#### Summer of Reproducibility - noWorkflow base experiment

This Jupyter Notebook dedicated to walk you through noWorkflow applications in Data Science and Machine Learning. It is result of our work in the Summer of Reproducibility from OSPO UCSC 2023.

This Notebook is an usecase based on the problem of Fraud Detection. We partially replicates the work "The effect of feature extraction and data sampling on credit card fraud detection.".The interested reader is invited to consult the original work [here].(https://link.springer.com/article/10.1186/s40537-023-00684-w). 

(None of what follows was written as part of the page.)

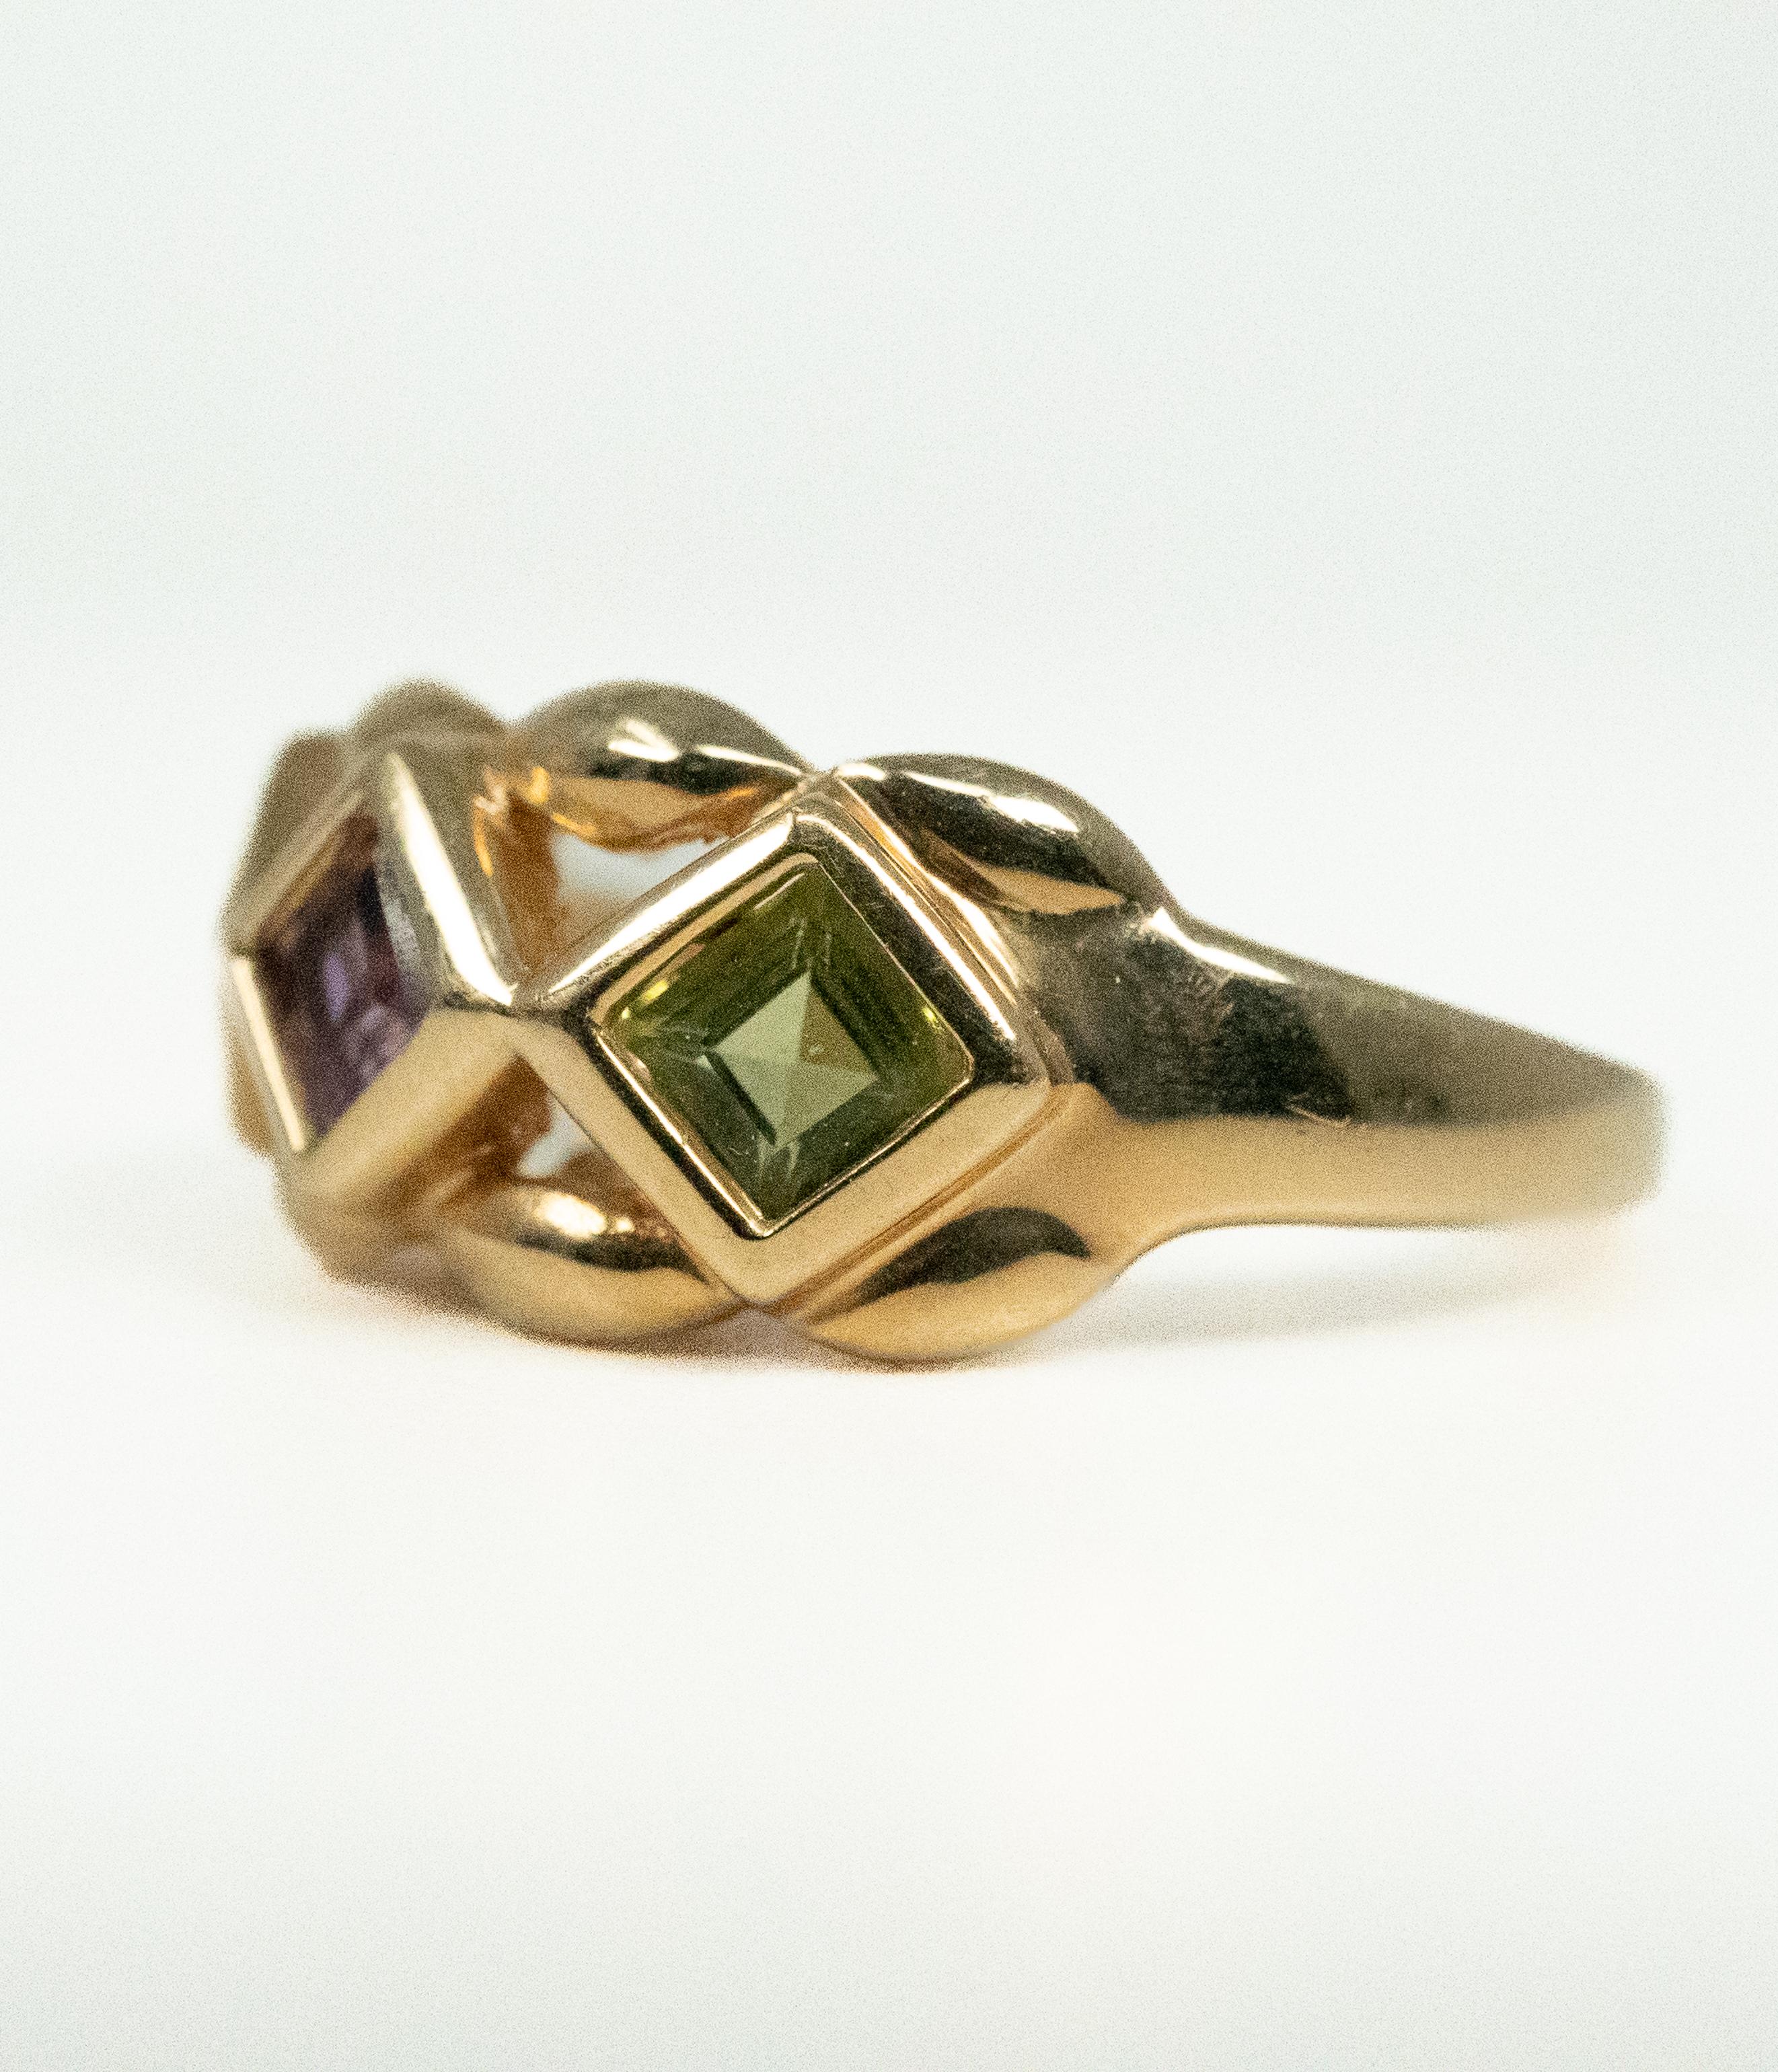 Such beautiful soft colors!  The Citrine, Amethyst and Topaz stones just pop!

In this notebook we aim to assess how provenance recollection with [noWorkflow](https://github.com/gems-uff/noworkflow) works in a classical DS/ML subject. 

In [2]:
from sklearn.decomposition import PCA
from sklearn.metrics import roc_auc_score, f1_score
from sklearn.ensemble import RandomForestClassifier
from imblearn.under_sampling import RandomUnderSampler
from sklearn.model_selection import train_test_split
import pandas as pd
import xgboost as xgb
import lightgbm as lgb
import catboost as cat

#### Reading the dataset

In [3]:
now_tag('dataset_reading')
df = pd.read_csv('dataset/creditcard.csv', encoding='utf-8')

### Feature engineering stage

Separate the features and target variable. First step in feature treatment.

In [5]:
X = df.drop('Class', axis=1)
y = df['Class']

#### Feature engineering: Apply PCA for feature extraction.

Here we define hyperparam_def tag given that n_components argument in PCA is required

In [6]:
pca_components = now_variable('pca_components', 3)
pca = PCA(n_components=pca_components)  # Adjust the number of components as needed
X_pca = pca.fit_transform(X)

Evaluation(id=48, checkpoint=1399.998662652, code_component_id=919, activation_id=45, repr=3)


#### Feature engineering: Apply random undersampling over the extracted features

Another case of feature engineering operation with hyperparameter definition. Here is random_state value for RandmUnderSampler


In [7]:
random_seed = now_variable('random_seed', 42)
rus = RandomUnderSampler(random_state=random_seed)
X_resampled, y_resampled = rus.fit_resample(X_pca, y)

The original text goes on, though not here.